Friday, 13 May 2011

Metric Shit Ton

This is a pretty disgusting story. Half of the blame goes to Chuck Wendig over at his website for the topic for this one. The other half is totally me. :P


Enjoy.

***
                          
   "Wow, that's a lot of fucking shit."Tim said, displaying once again his penchant for understating the obvious.
  
    We beheld it all through the window of the rental truck. Before us was a vast field completely covered by the most disgusting brow and green shit pile you could possibly imagine.  Great, heaping piles of unprocessed horse shit.
  
    This is why I don’t normally go for Tim’s get rich quick schemes. Not only is this parr for the course in terms of motherfucking stupidity, but they as a rule tend to end with us not getting paid and being left to clean up the shit left over. Except in this case, it’s fucking literal shit here.    So where the plan on paper was that a guy Tim knew cultivated and delivered some high grade horse manurer to a fertilization plant run by another guy Tim knew who’d process and bag the shit, we now had the sad stinking reality of it all; the shit being unceremoniously dumped all over a field owned by our silent partner Francis. Of course when I say silent partner I mean that we once went over the scheme with him while we were drunk in a bar; his response was to nod his head knowingly and tell us to let him know how it all turned out.  Francis was also an ex-marine, and, if the local rumors were in any way true, had killed 17 Iraqi soldiers during Operation Iraqi Freedom and had spent in total between two to four tours of duty between Iraq and Afghanistan. Believe it or not, the guy also was said to have a temper.
  
    In short, we were proper fucked.
  
    We got out of the truck to better survey the field and immediately wished we hadn’t as the stink hit us like a sledgehammer to the dick. We quickly scrambled back into the truck and made sure the windows were rolled all the way up.
  
    Tim whipped out his sunglasses and put them on. “Looks like shit just got real.”
    I looked up at the heavens and asked, “He’s not going to be any fucking help is he?” The no sign from above told me what Buddy Christ’s answer was. In the silence that followed though came a whirring sound that even Tim didn’t want to hear as the local sheriff’s car. As if the flashing lights weren’t enough.
  
    “Fucking hell, Tim,” I yelled. “Why the fuck do I follow your dumb ass retarded schemes anyways? Why the fucking do I believe anything you say? You got me into this shit damn fuck mess, you get us out.”
  
    “Relax, relax man,”Tim replied. “I know a guy on the force around here. Maybe this douchewad knows him.”
  
    Tim got out of the car and swaggered over to the sherif’s car. The cop got out and seemed to stare at Tim for a minute before laughing out loud and hugging the son of a bitch like they were related or something. Tim looked back at the truck with the shit eater grin, gave me the thumbs up sign and waved me over.
  
    “Shawn, this here’s Sherif Dave,”he laughed. “Though back in the day he wasn’t such a big man and we used to call him just Deputy Dave.”
  
     Tim hiked his pants and waddled around bow legged like he just received an atomic wedgie.  Dave laughed so hard you’d think it was the cream of comedy.
  
    “Jesus H. on a bicycle Tim, what in holy hell did you get yourself into?”Dave asked.
  
    “Ahhh, you know me. Same shit, different day.”
  
    Both of them laughed even harder at that.

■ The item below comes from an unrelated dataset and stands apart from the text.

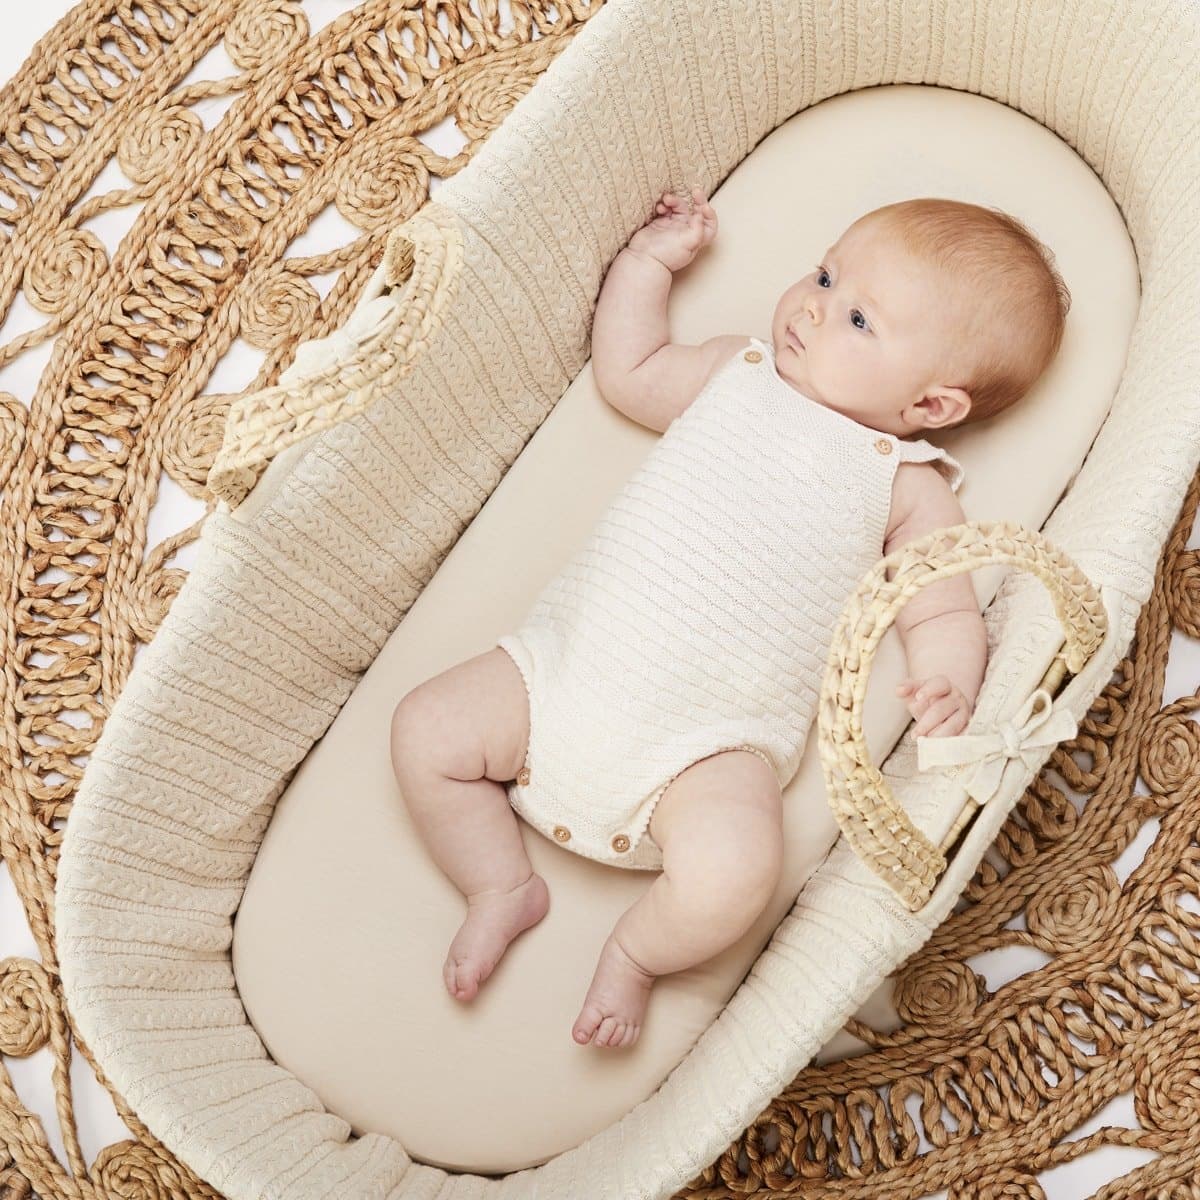 HOW TO CHOOSE A MOSES BASKET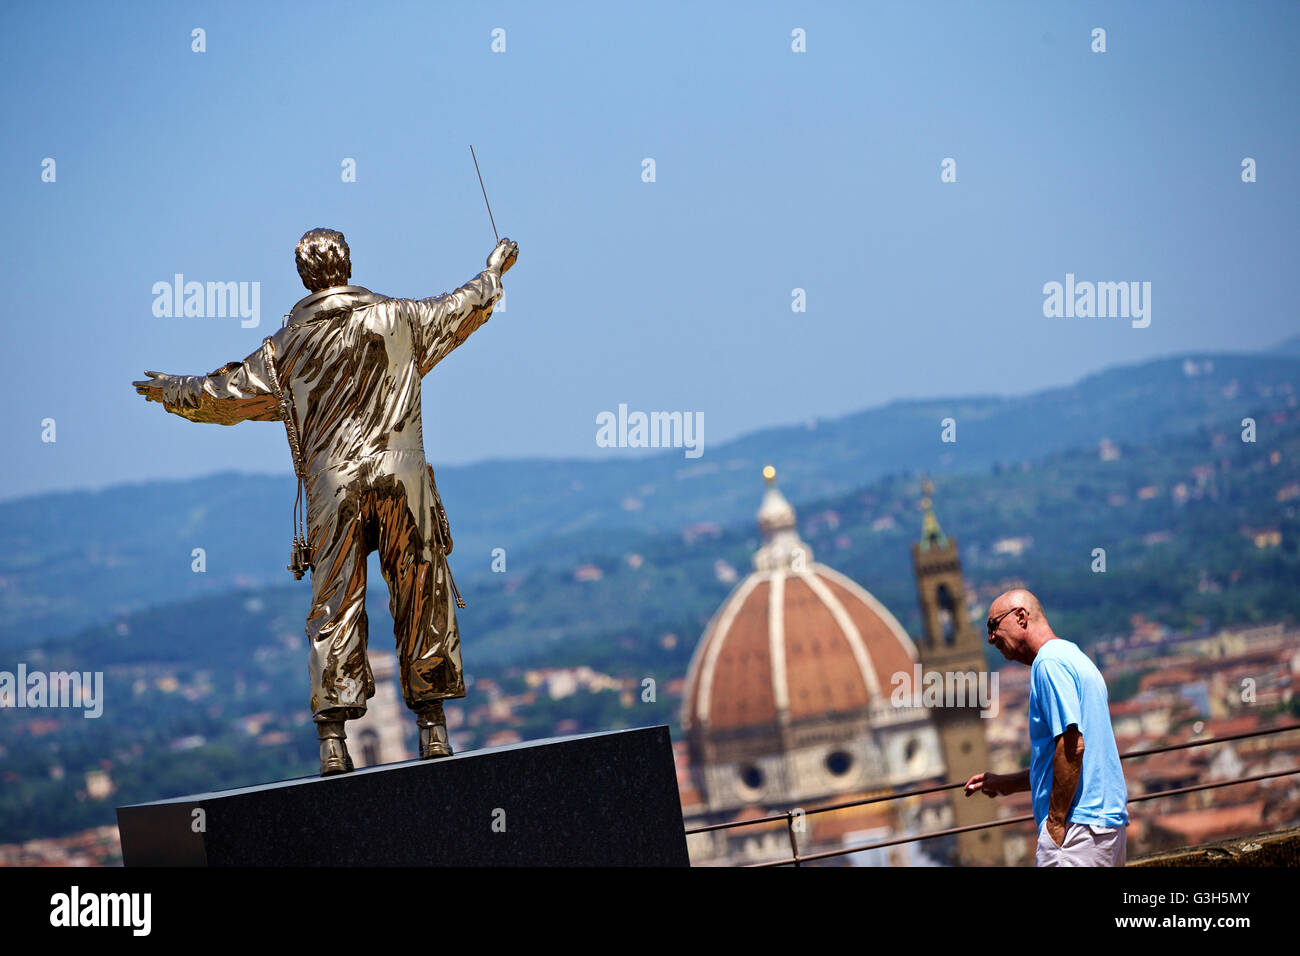 Florence, Italy. 24th June, 2016. A visitor looks at the exhibit 'The Man Who Conducts the Stars' at the Forte Belvedere in Florence, Italy, on June 24, 2016. Roughly one hundred of Belgian contemporary artist Jan Fabre's works dating from 1978 to 2016 were on display, including bronze and wax sculptures, performance films and works made of wing cases of the jewel scarab. © Jin Yu/Xinhua/Alamy Live News Stock Photo

    “I don’t know how you’re gonna cover this one up,”Dave said, wiping his brow. Specially with this being Francis’ land and all.”

    “Cover it up...oh, fuck Dave, if I hadn’t gone to school with you I’d call you a genius. You don’t happen to know Lane Charles’ number?”

    “Course I do. He works part time as the volunteer dispatch around here. He’s working right now in fact.”

    Sherif Dave went back over to his car to get on the radio.

    “Huh? What the fuck is happening?” I asked.

    Tim clapped me on the back.
  
    “Lane Charles owns the work crews around here. And even better he owes me a favor from way back. I’m pretty sure I can get him to send over some boys to dig up the field, smooth out the shit and then cover everything up with new sod before that cocksucker Francis knows what’s what.”
  
    I facepalmed; half because I knew that Tim was just as good at getting himself out of trouble as he was getting into it, and half because I didn’t want him to see the tears of relief swelling up in my eyes from not having an ex-marine see if he could blend my teeth with his shit kicker black boots.

    In half a day the deed is done, and all that’s left is a field that faintly smells like shit. Tim turned to me, tossed me one of the beer he’d been keeping for a special occasion and said:
  
     “You know even with this covered over we should probably leave the country for a bit. You know I know a guy who knows a guy in Turkmenistan who’s trying to get into the hotel business and is looking for some new business partners.”